In Município de Mariana and Others v BHP Group PLC, the Court of Appeal granted permission to appeal a decision to strike out a claim brought in England by over 200,000 Brazilian victims of the Fundão Dam disaster. Also, in Josiya & Ors v British American Tobacco PLC & Ors, the High Court refused to strike out a claim by Malawian tobacco farmers (who claim to be part of the Defendants’ supply chain) about farm conditions. While these are procedural rather than merits decisions at this stage, they are part of an expanding frontier of litigation opening up against parent companies for the actions of foreign subsidiaries. Group actions may continue to put pressure on multinationals to manage ESG risks across jurisdictions.
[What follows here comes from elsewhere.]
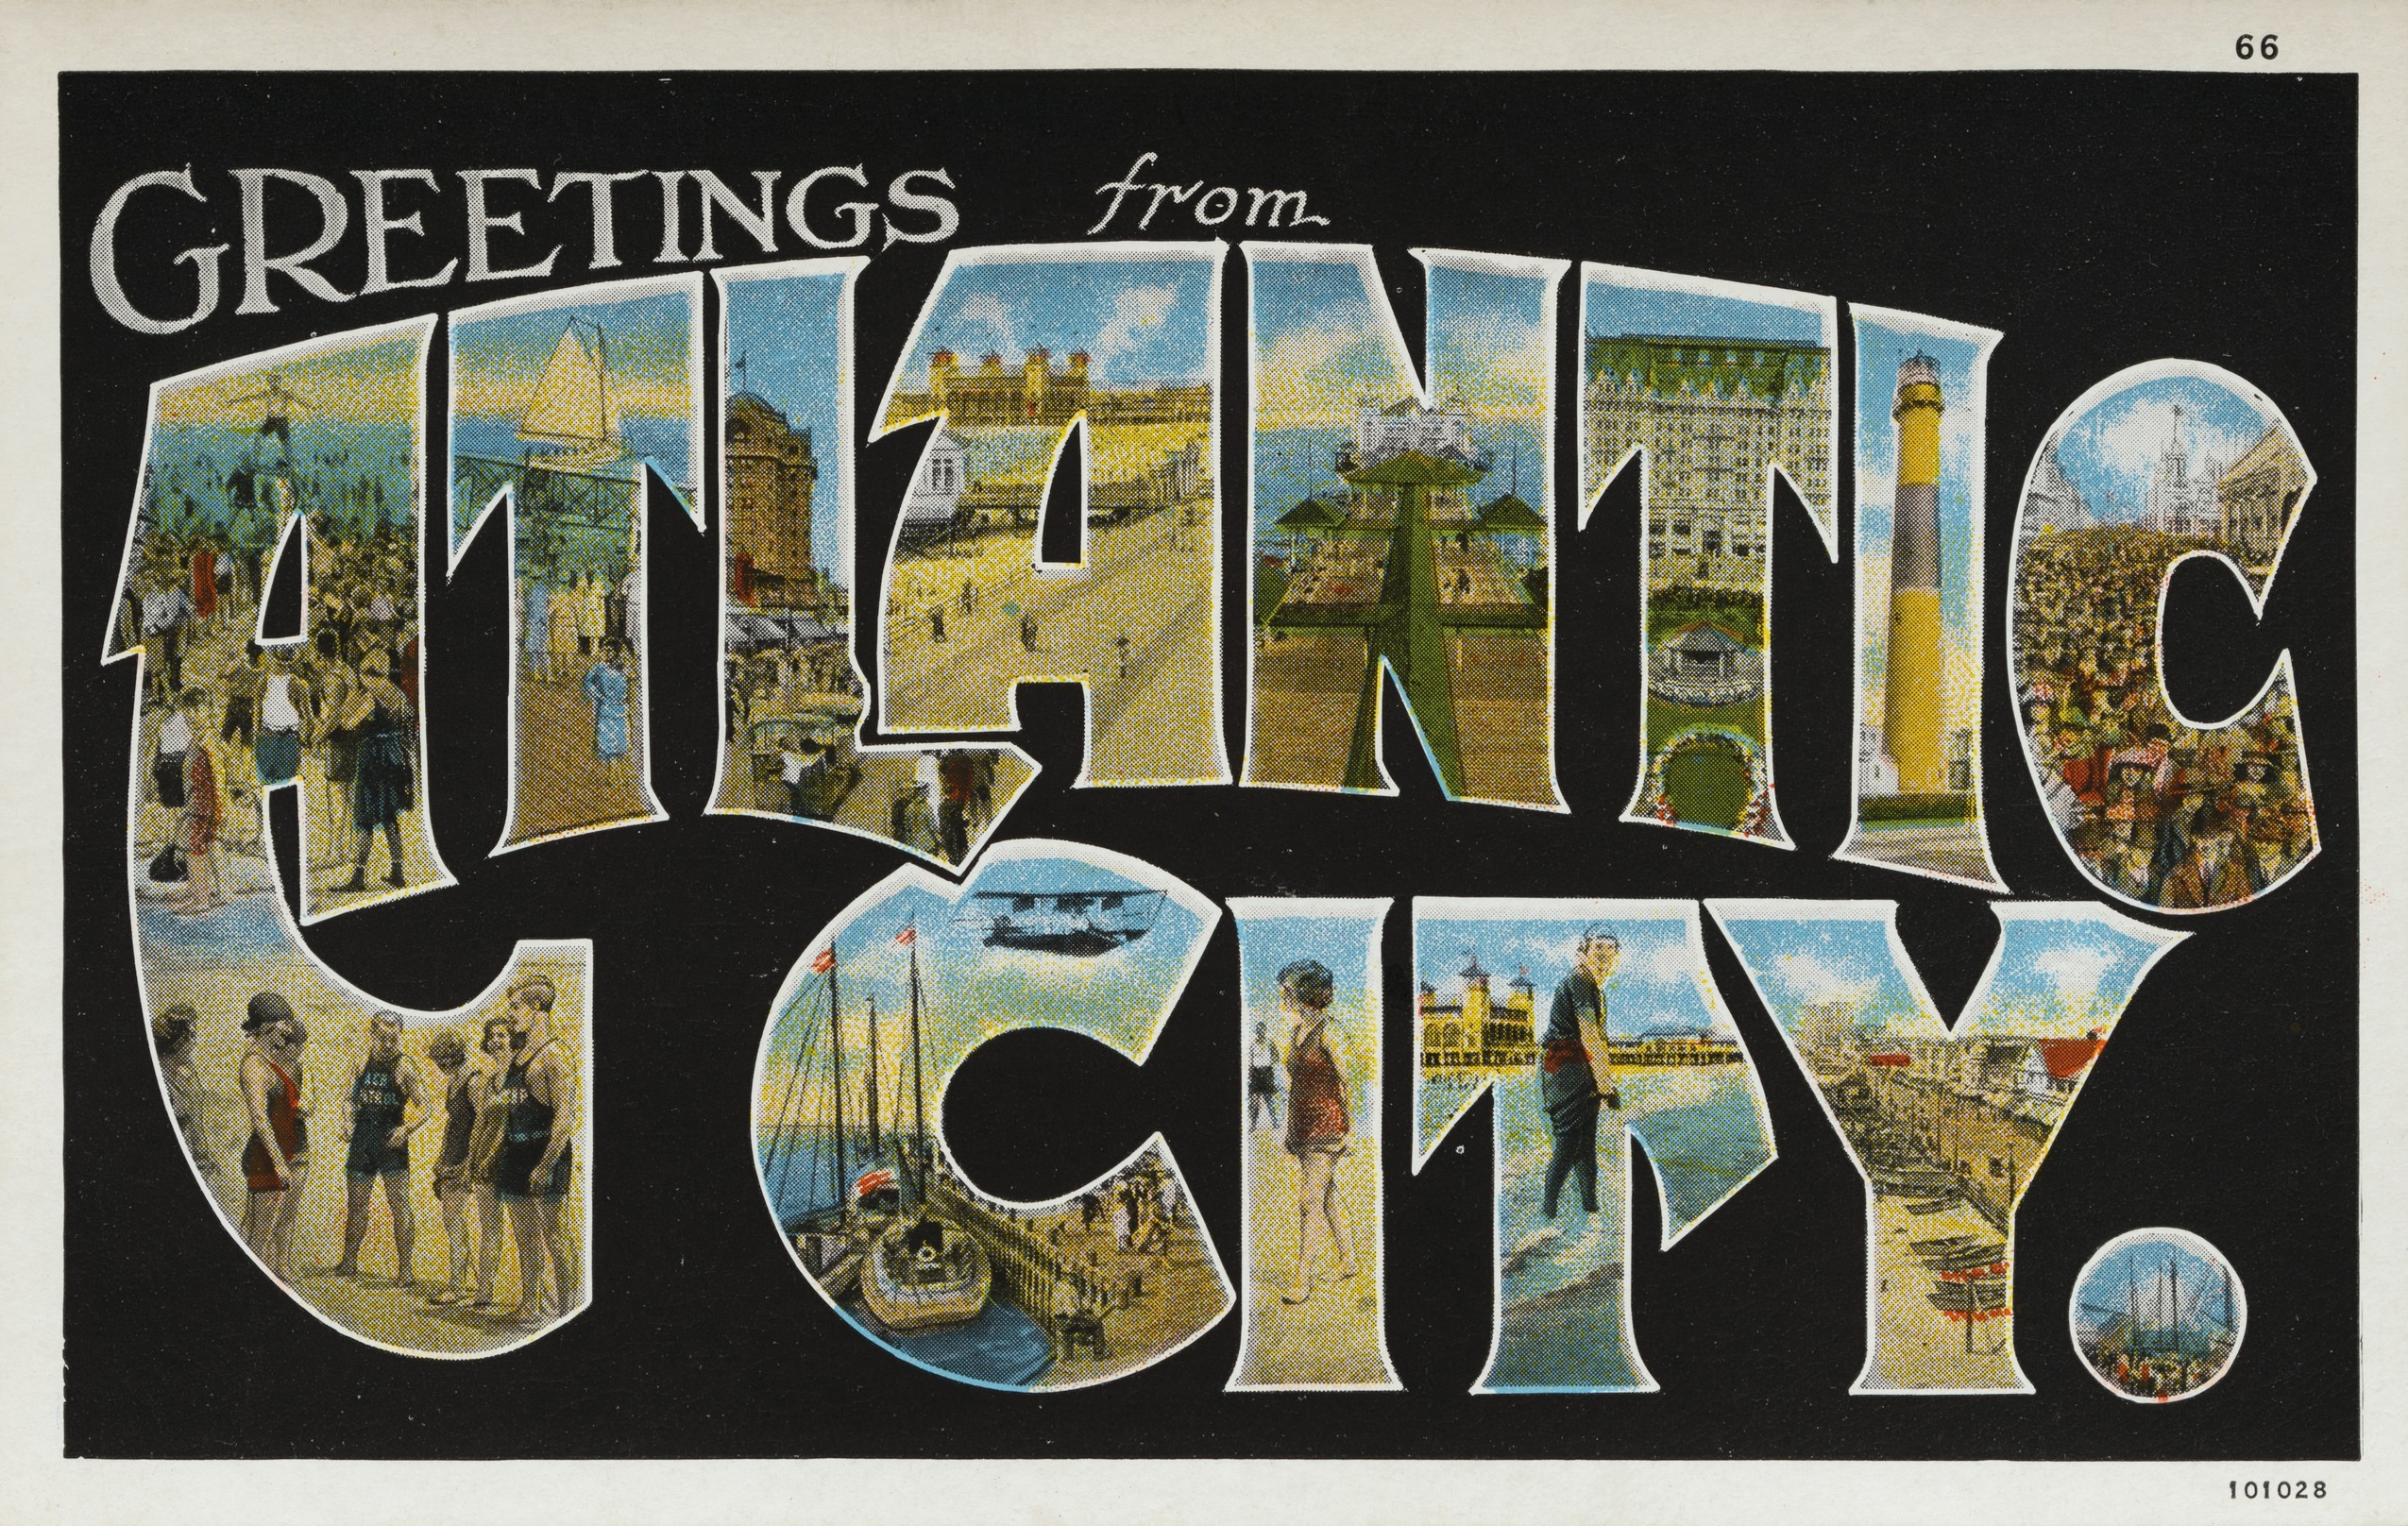 PHOTO: A greeting card from Atlantic City, N.J., circa 1930.

Momentum is also building in the emissions litigation. Late in 2021, part of the “Dieselgate” case against Volkswagen was in the High Court again to decide whether the deceit claims can proceed. In that case, over 90,000 claimants are seeking compensation after buying cars from Volkswagen only to find that they emitted more nitrogen dioxide than the company claimed. This is only one of the group actions to emerge from the diesel emissions scandal relating to carmakers’ alleged use of defeat devices to manipulate emissions data, and more are following.
A lot happened in 2021, but group actions seem to have been at the forefront. This may have been the year they finally came of age. One commonality was the role litigation funding has played in a number of these large group actions where individual claimants would often lack the means or incentive to participate on their own. Funding can enable groups (of individuals or corporates) to bring litigation against well-resourced defendants and to fight cases where otherwise the economics would be impossible. The importance of group actions, and funded group actions in particular, looks set to continue.